Maintaining personal boundaries

A health worker needs to learn how to allocate time and internal resources so that the tasks that arise before him are performed quickly and efficiently, be able to properly interact with colleagues and patients. It is important to have the skill of effective communication with people around you, set them up in a friendly way, convey your position and perceive someone else’s.

Good communication and the establishment of boundaries within it reduces the level of overall stress at work and reduces the risk of conflict. Therefore, it is important for medical staff to develop communication skills: this will allow them to learn to listen to their own and other people’s needs.

However, these methods may not always be effective. And in this case, the best thing a health worker can do for themselves is to seek help. Don’t be afraid to ask for it! A person does not have to deal with everything alone. No one is embarrassed to go to the doctor with a broken leg or to the nurse for an injection — just like with EBS, one should not be shy about contacting a psychologist or a psychiatrist.

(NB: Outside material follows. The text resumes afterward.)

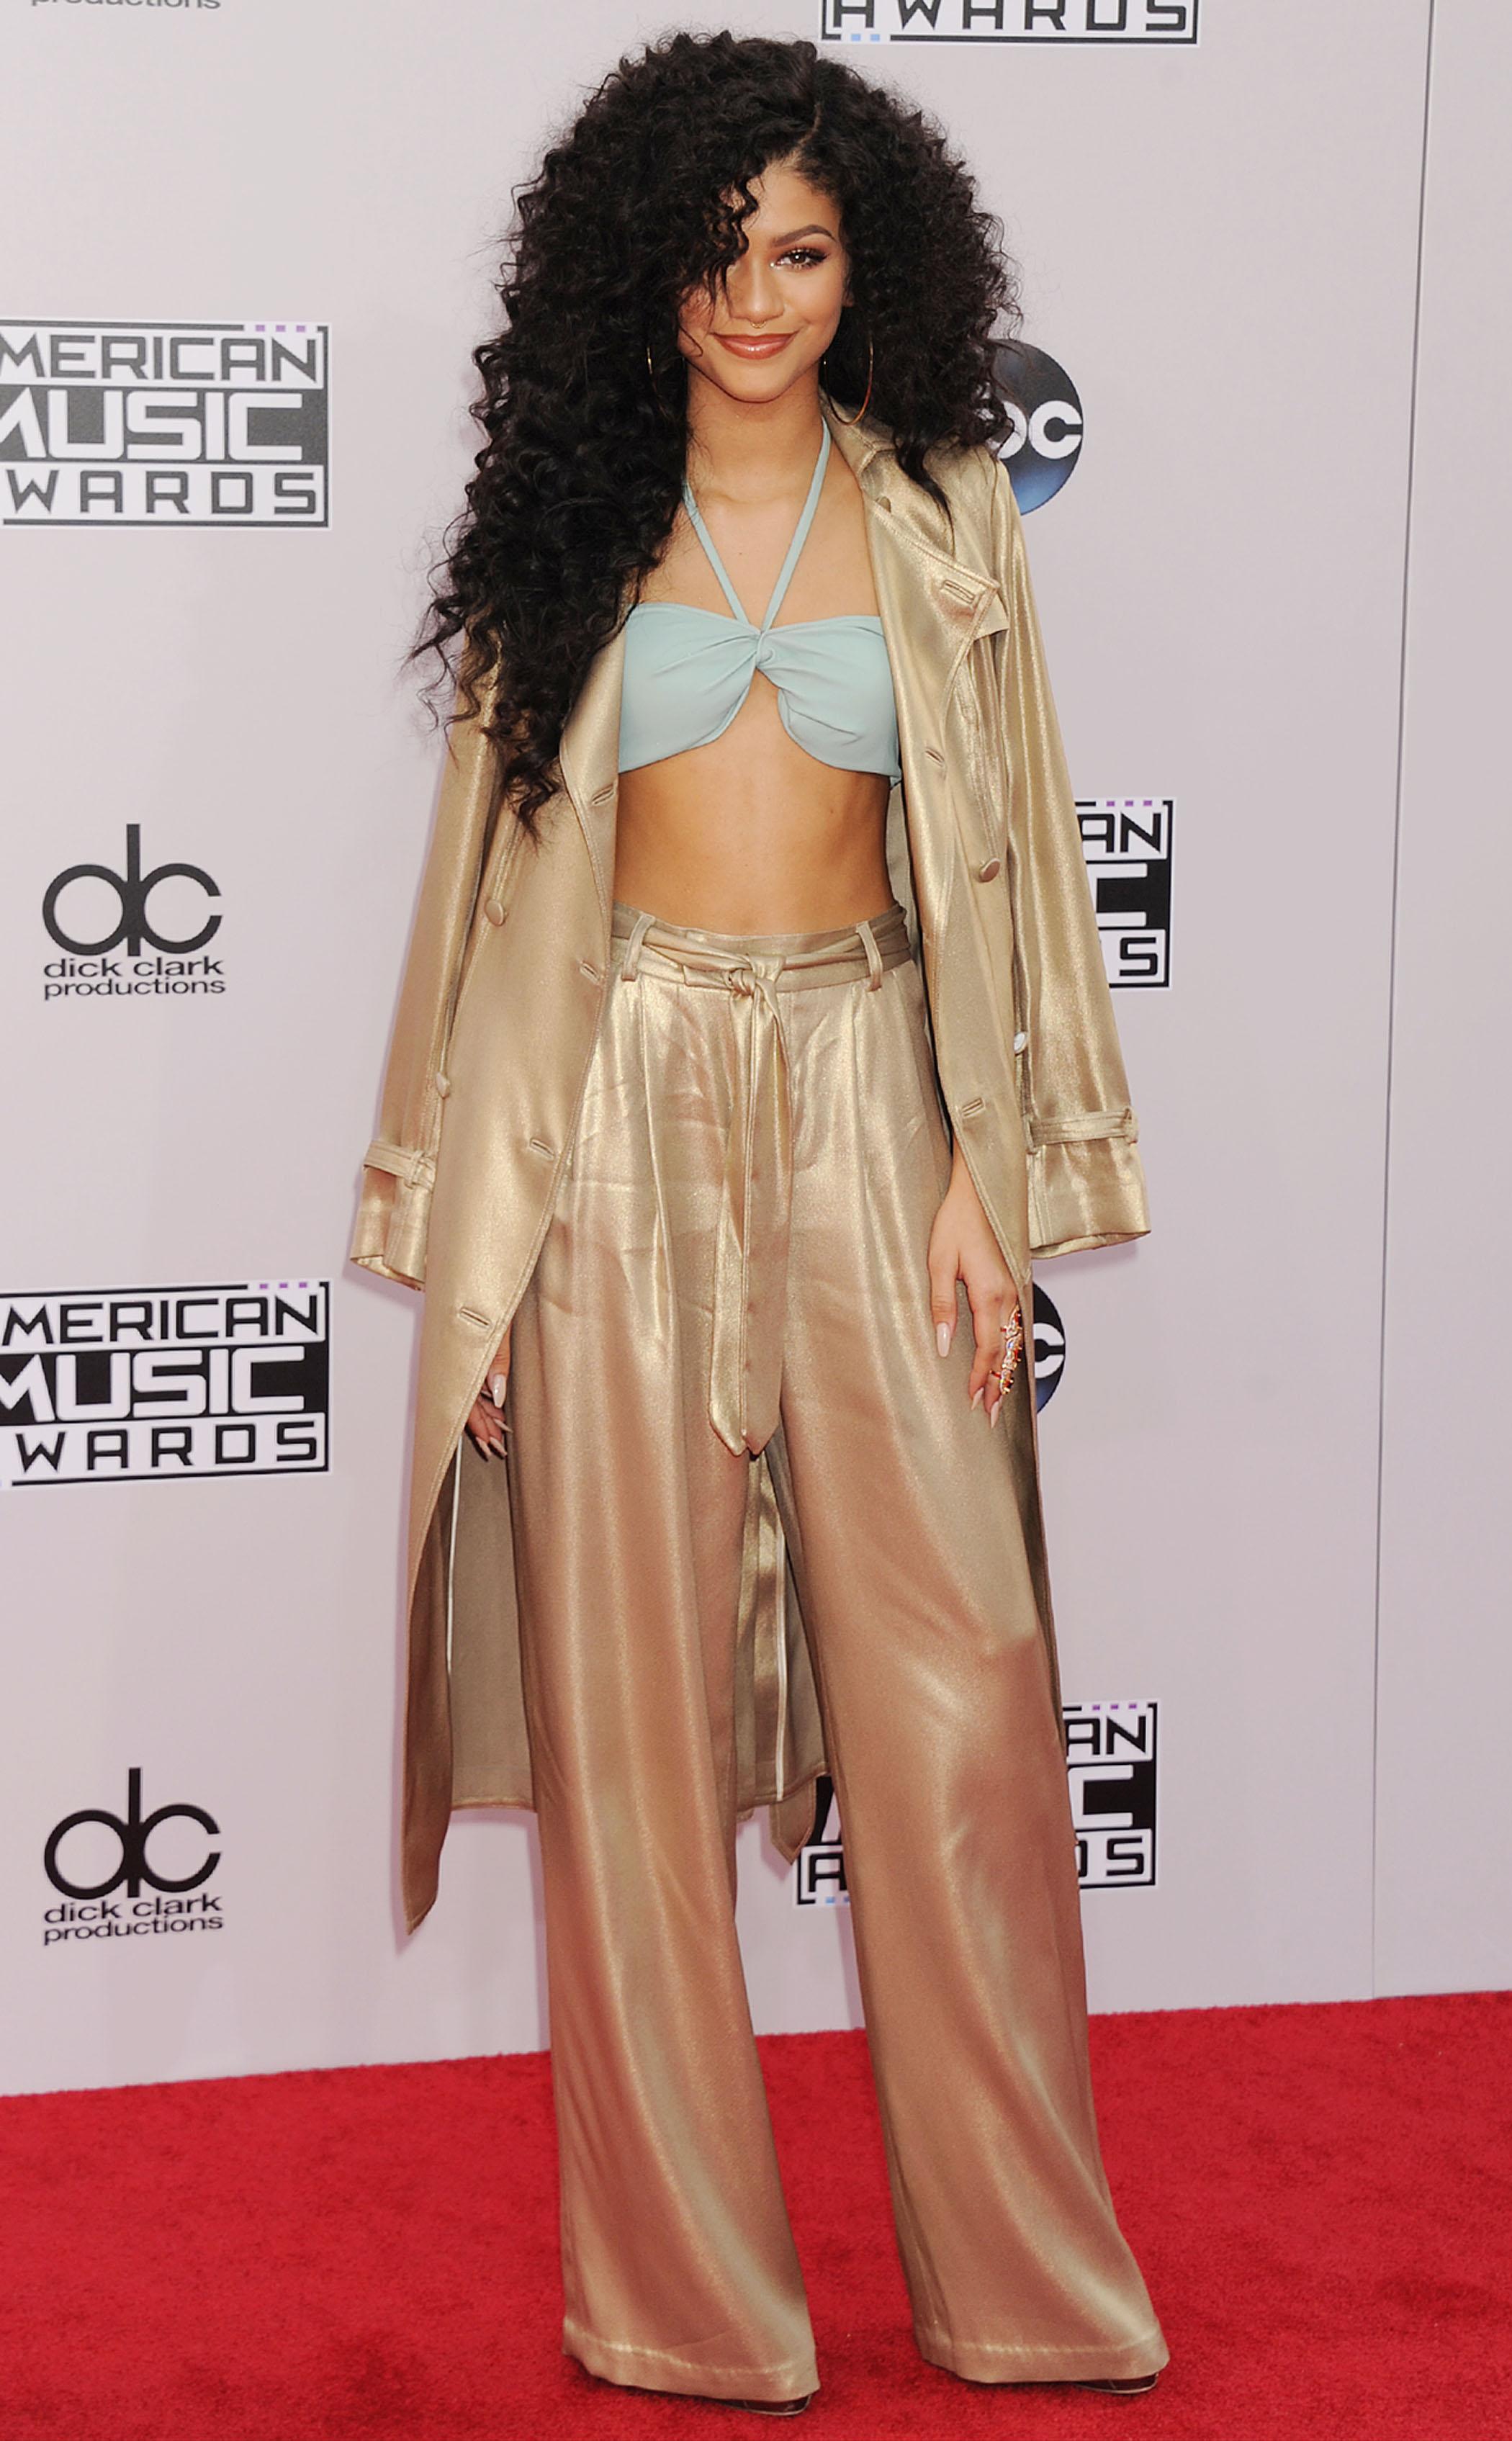 zendaya-coleman-georgine-2014-american-music-awards/

If you feel that you are on the edge, contact a specialist

It is important to note that the medical staff does not always have the opportunity to solve the problem of burnout on their own — often the risk of exposure to EBS increases due to the poor organization of working time and space by the clinic itself. Therefore, the employer must pay attention to the needs of his employees with the same regularity with which the employee himself must fix his psychological needs.

Of course, the resources of clinics are limited, but the correct organization of working hours, the even distribution of duties, the encouragement of employees in a form accessible to the institution, the organization of comfortable information spaces — all this is real for modern hospitals. Only a combination of individual efforts of a physician and an organization can lead to a decrease in the risk of developing a burnout syndrome.

However, I would also like to draw the attention of patients to the situation. Of course, each of us has the right to receive quality medical care, this right should be upheld and protected. However, it will be great if we, as patients, do not forget that we are assisted by living and feeling people who, like us, need understanding and correct, polite treatment.